Krzysztof Kiercz

Personal information
- Full name: Krzysztof Kiercz
- Date of birth: 16 February 1989 (age 37)
- Place of birth: Kielce, Poland
- Height: 1.89 m (6 ft 2+1⁄2 in)
- Position: Centre-back

Youth career
- 0000–2006: Korona Kielce

Senior career*
- Years: Team / Apps / (Gls)
- 2007–2009: Korona Kielce II
- 2009–2015: Korona Kielce / 16 / (1)
- 2010: → LKS Nieciecza (loan) / 2 / (0)
- 2011: → Wierna Małogoszcz (loan) / 13 / (2)
- 2016: Odra Opole / 7 / (2)
- 2017–2019: Stal Mielec / 66 / (2)
- 2019–2020: Stal Stalowa Wola / 24 / (1)
- 2020–2021: Broń Radom / 20 / (1)
- 2021–2024: Korona Kielce II / 76 / (13)

= Krzysztof Kiercz =

Polish footballer

Krzysztof Kiercz (born 16 February 1989) is a Polish former professional footballer who played as a centre-back. He most recently served as an assistant coach for Korona Kielce II.

==Career==
Kiercz is a homegrown of Korona Kielce and was included in its first team in 2009. In 2010 he was loaned to the I liga side LKS Nieciecza, for which he played three matches. In August 2010, he suffered a rupture of the fibula. Initial diagnoses assumed a one-month break in the game, but ultimately Kiercz dropped out of the squad for the entire round. Before the start of the spring round he was present at the tests in the II liga side Wisła Płock. Ultimately, Kiercz found himself on a six-month loan in the III liga side Wierna Małogoszcz, where he played in thirteen matches and scored two goals.
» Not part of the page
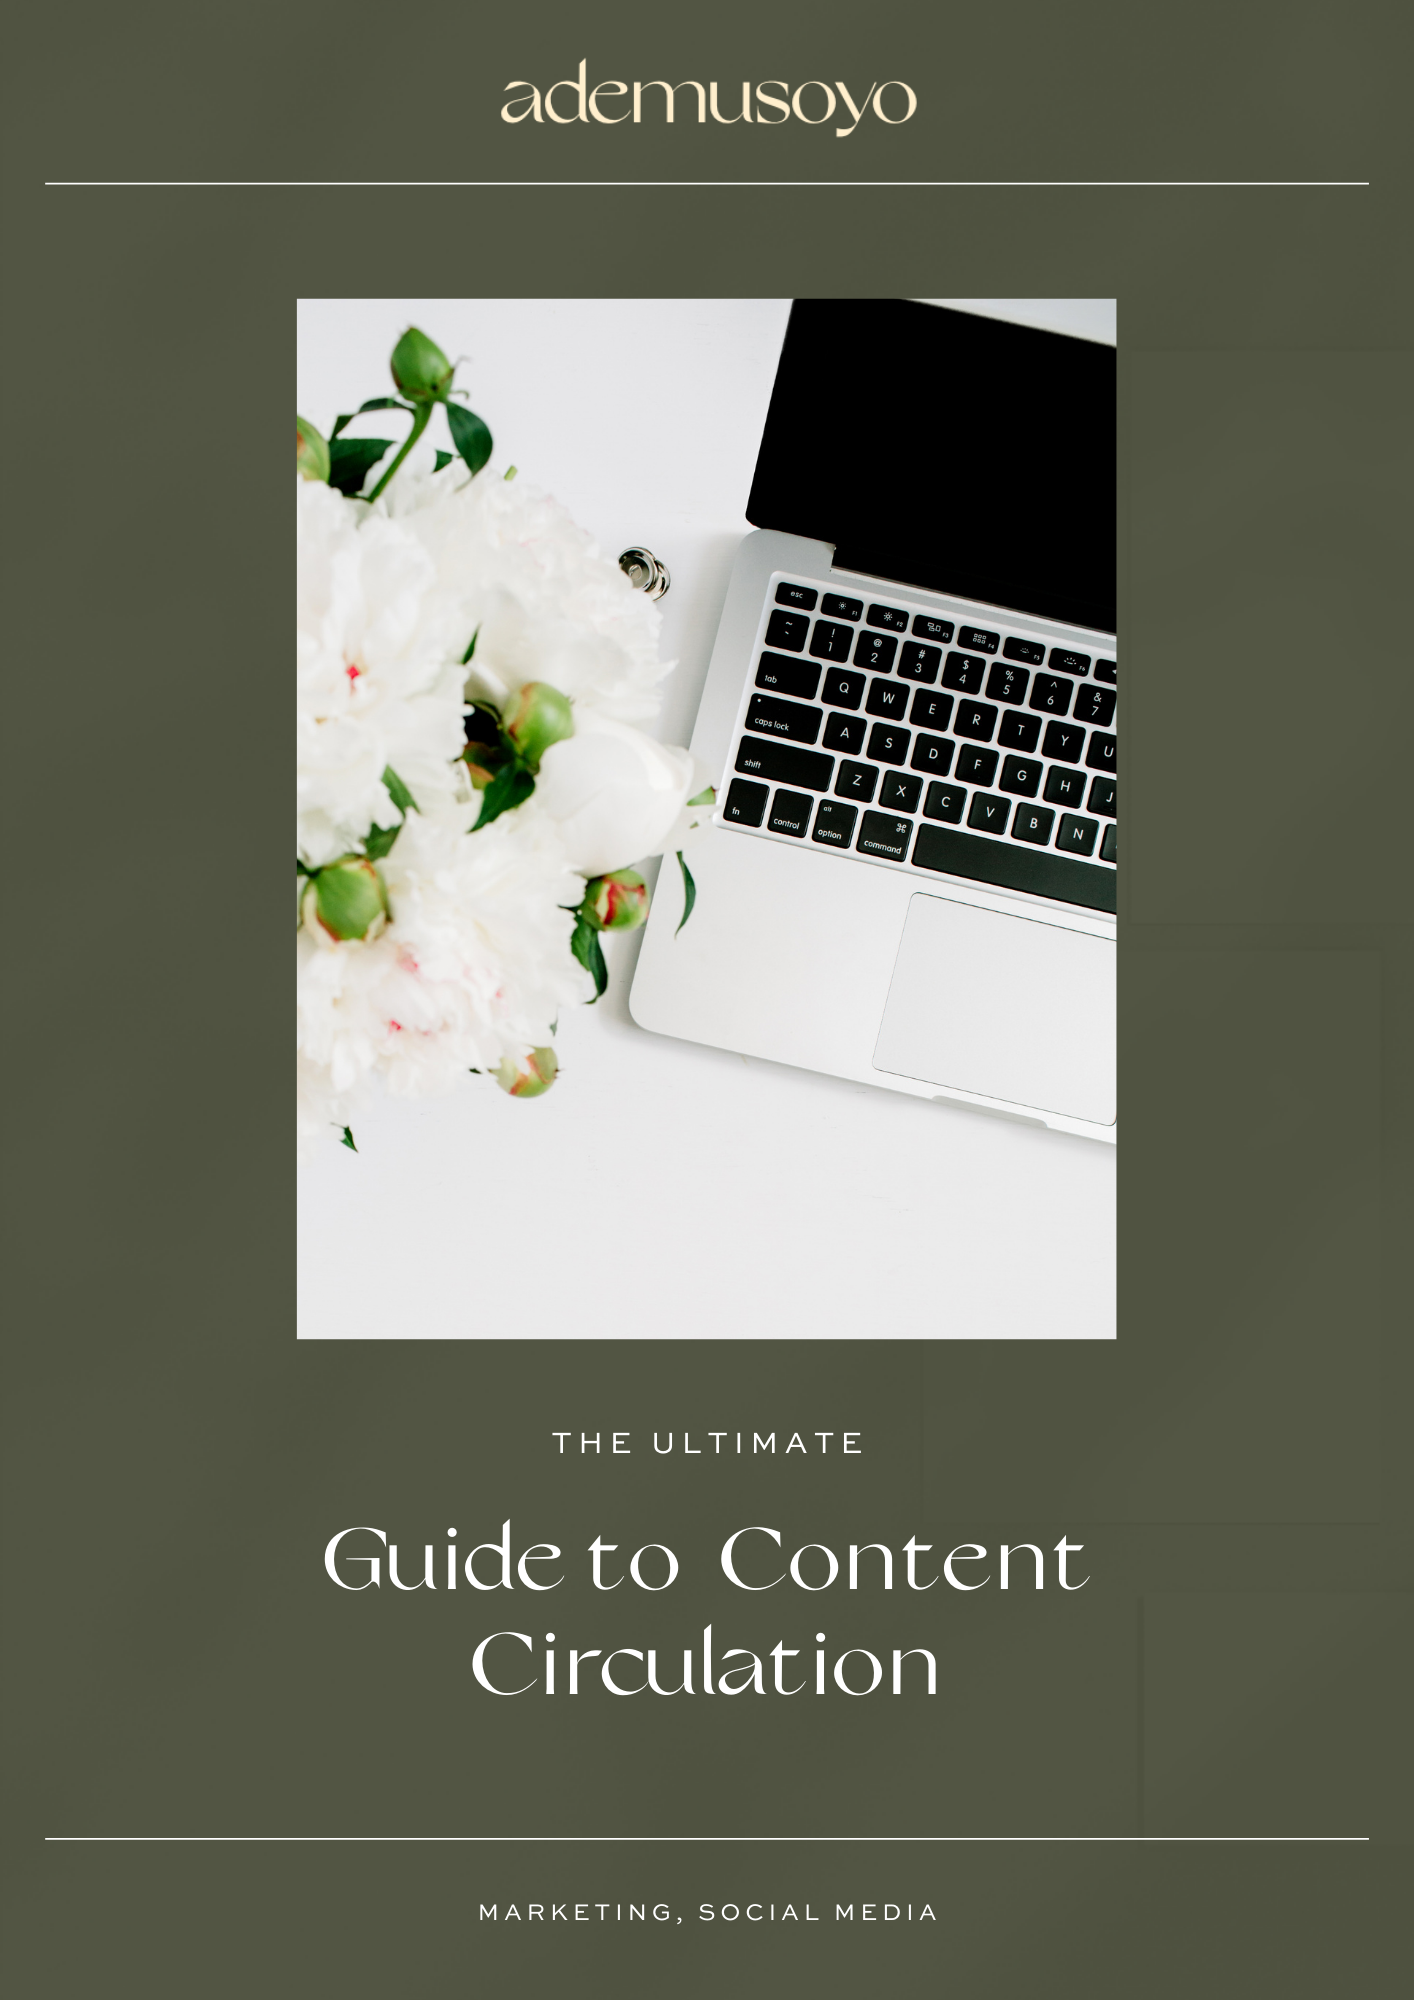 The Ultimate Guide to Content Circulation

In the autumn round of the 2015–16 Ekstraklasa season, he played a total of four games. In addition, he played in the match against Wda Świecie in the Polish Cup, as the team captain. On 28 December 2015, Korona Kielce confirmed that the contract with him, expiring at the end of the year, will not be extended. On 29 March 2016, he signed a six-month contract to play in Odra Opole. He played for the new club in seven matches, scoring two goals and reaching promotion to the II liga. After the end of the season, Odra decided not to extend the expiring contract.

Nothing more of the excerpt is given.